I think the manufacturing complexity of stacking will be problematic. When the transition is made away from silicon into biocompute technologies, I wonder if space will be a holdout for silicon or if self healing systems will arise quickly enough. I didn’t think we would have a chance at seeing a world of biocomute technology in the next few decades, but after DJ Ware’s YT upload on the upcoming Landauer Limit around 2030, it seems maybe plausible. The idea of the end of silicon at the edge of tech is fascinating to me; like imagining where the holdouts will be and what will not continue.
This is a post I made after DJ Ware’s explanation. He’s a former Bell Labs engineer from an era when that meant something quite significant. He explains why the Landauer Limit will come sooner in a YT video. I’m no expert but Don seems to know his stuff.
I think the manufacturing complexity of stacking will be problematic. When the transition is made away from silicon into biocompute technologies, I wonder if space will be a holdout for silicon or if self healing systems will arise quickly enough.
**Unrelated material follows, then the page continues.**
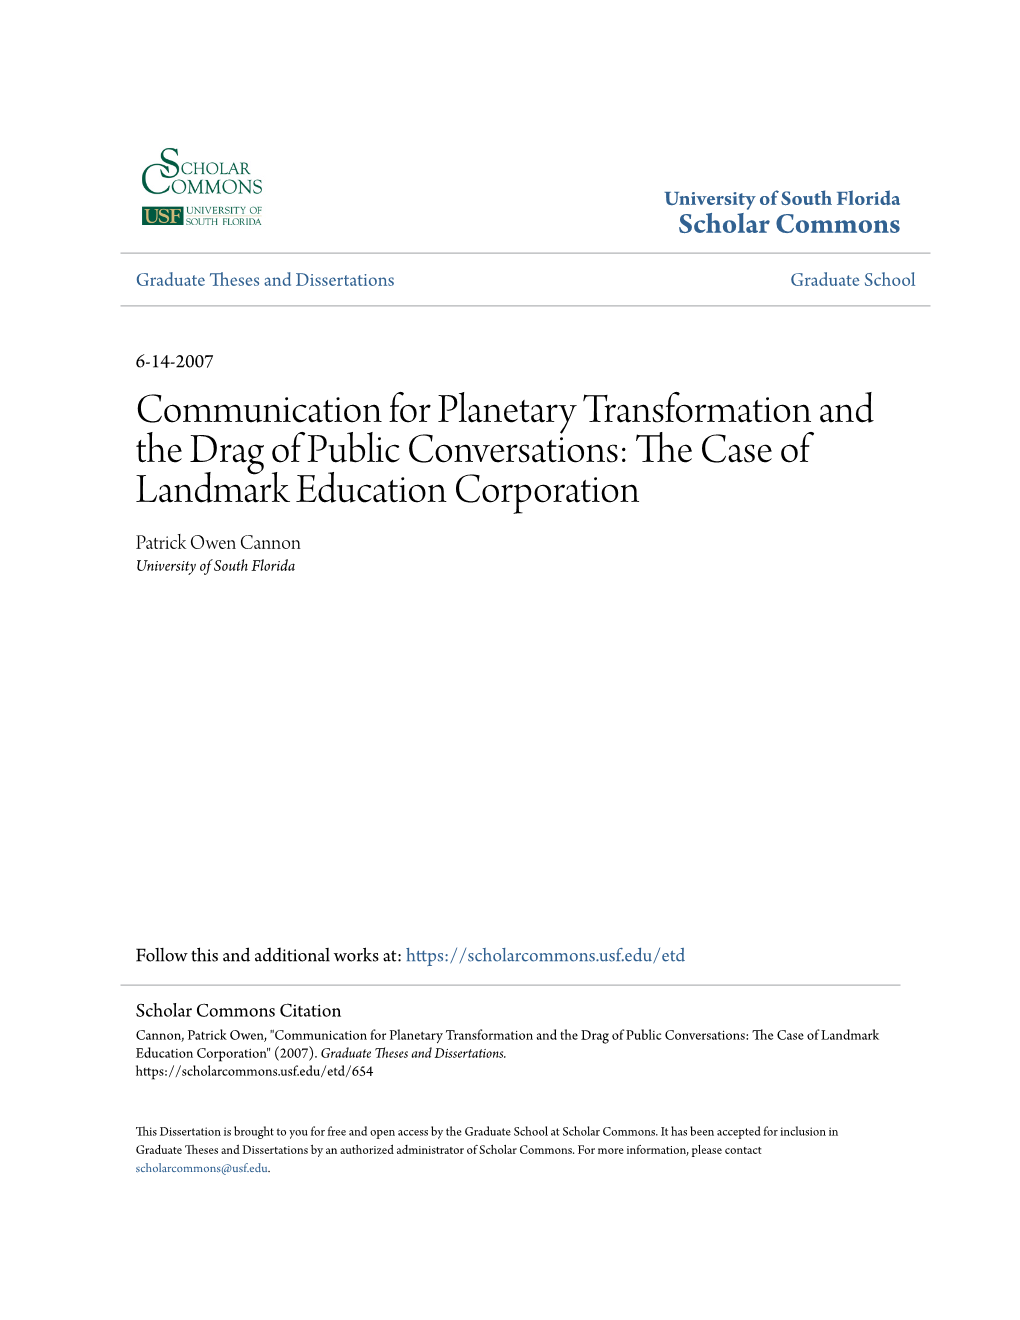 The Case of Landmark Education Corporation
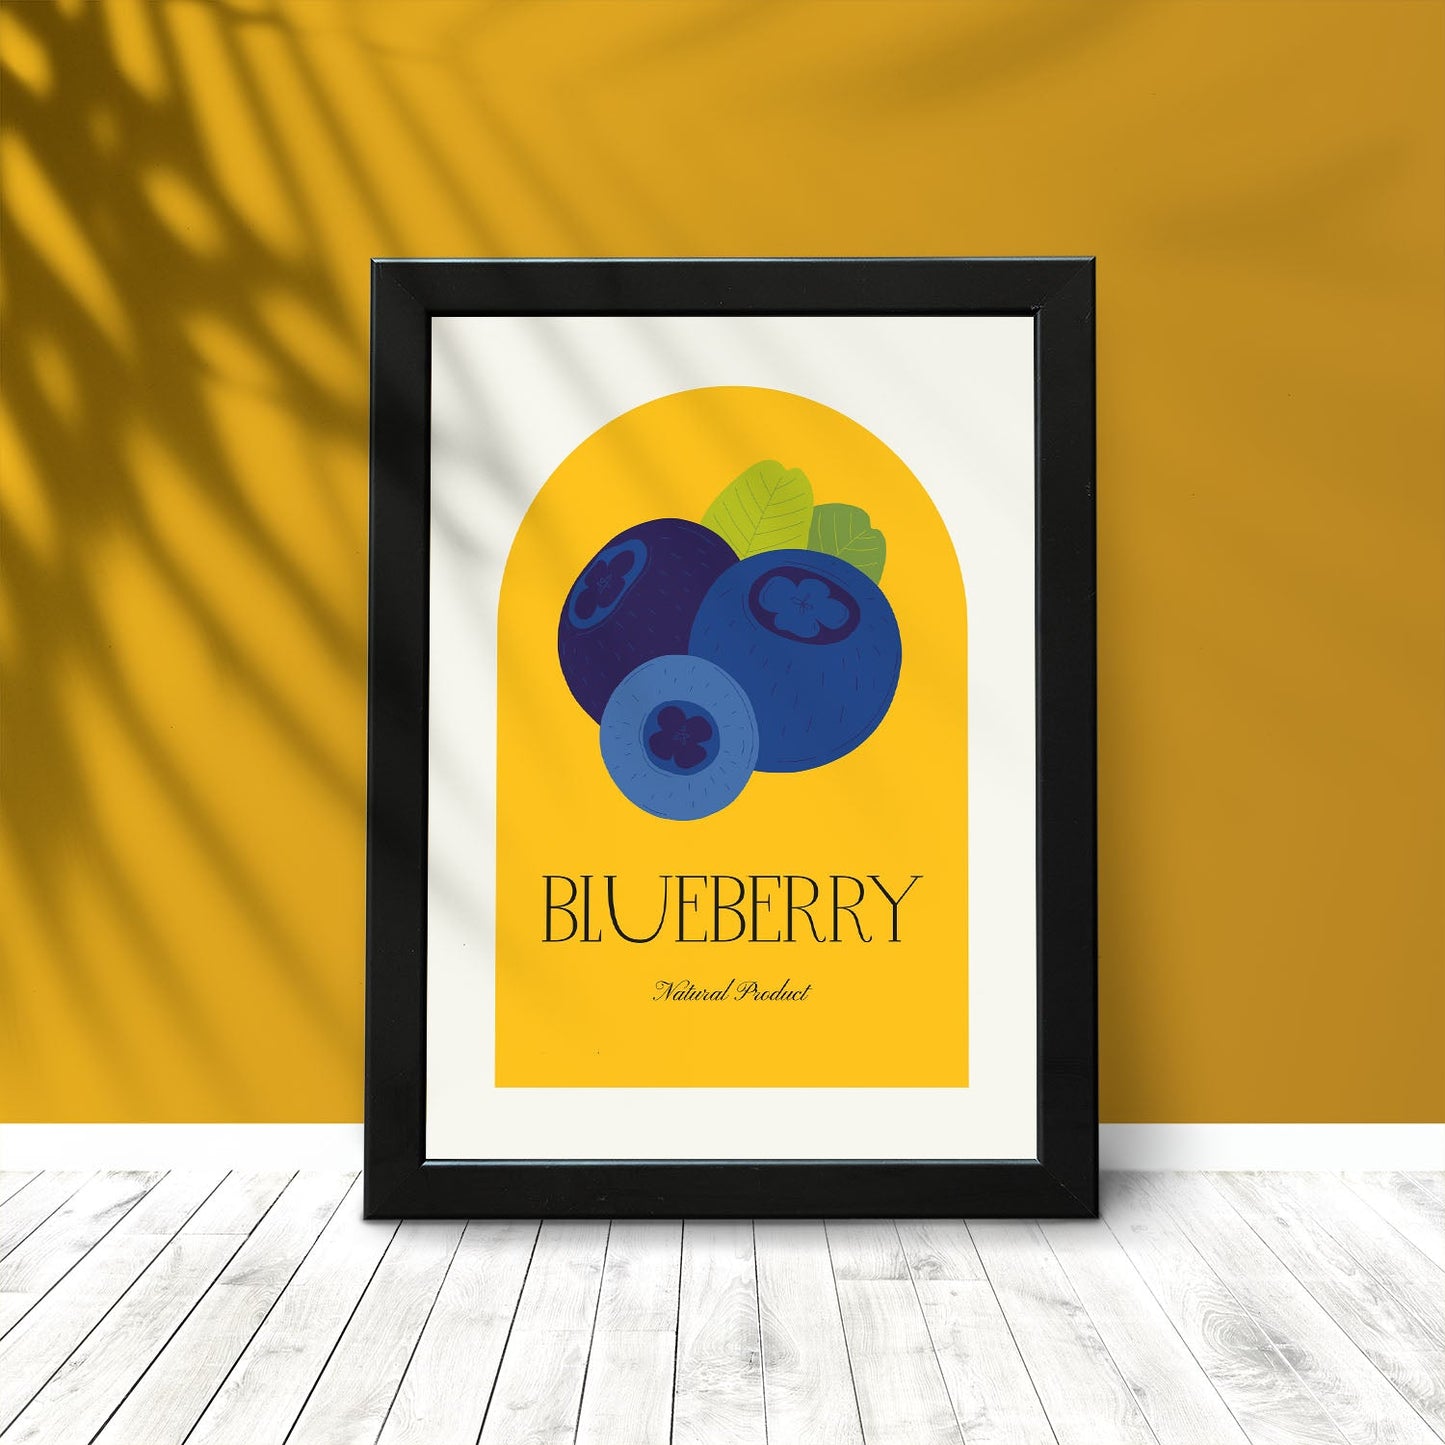 Blueberry-Artwork-Nacnic-Nacnic Estudio SL

I didn’t think we would have a chance at seeing a world of biocomute technology in the next few decades, but after DJ Ware’s YT upload on the upcoming Landauer Limit around 2030, it seems maybe plausible. The idea of the end of silicon at the edge of tech is fascinating to me; like imagining where the holdouts will be and what will not continue.
First time I heard about this. Thanks for sharing.
Read up a bit on this and it seems that many (recent) estimates have us approaching the Landauer Limit closer to 2080-2090.
This is a post I made after DJ Ware’s explanation. He’s a former Bell Labs engineer from an era when that meant something quite significant. He explains why the Landauer Limit will come sooner in a YT video. I’m no expert but Don seems to know his stuff.
https://lemmy.world/post/24634913
Or the YT link to Don’s uploaded is here:
https://www.youtube.com/watch?v=rUkGPIzsl6Y
He talks about the exponential nature of progress and mentions some recent papers. It isn’t super long, like under 15 minutes IIRC.
Cheers!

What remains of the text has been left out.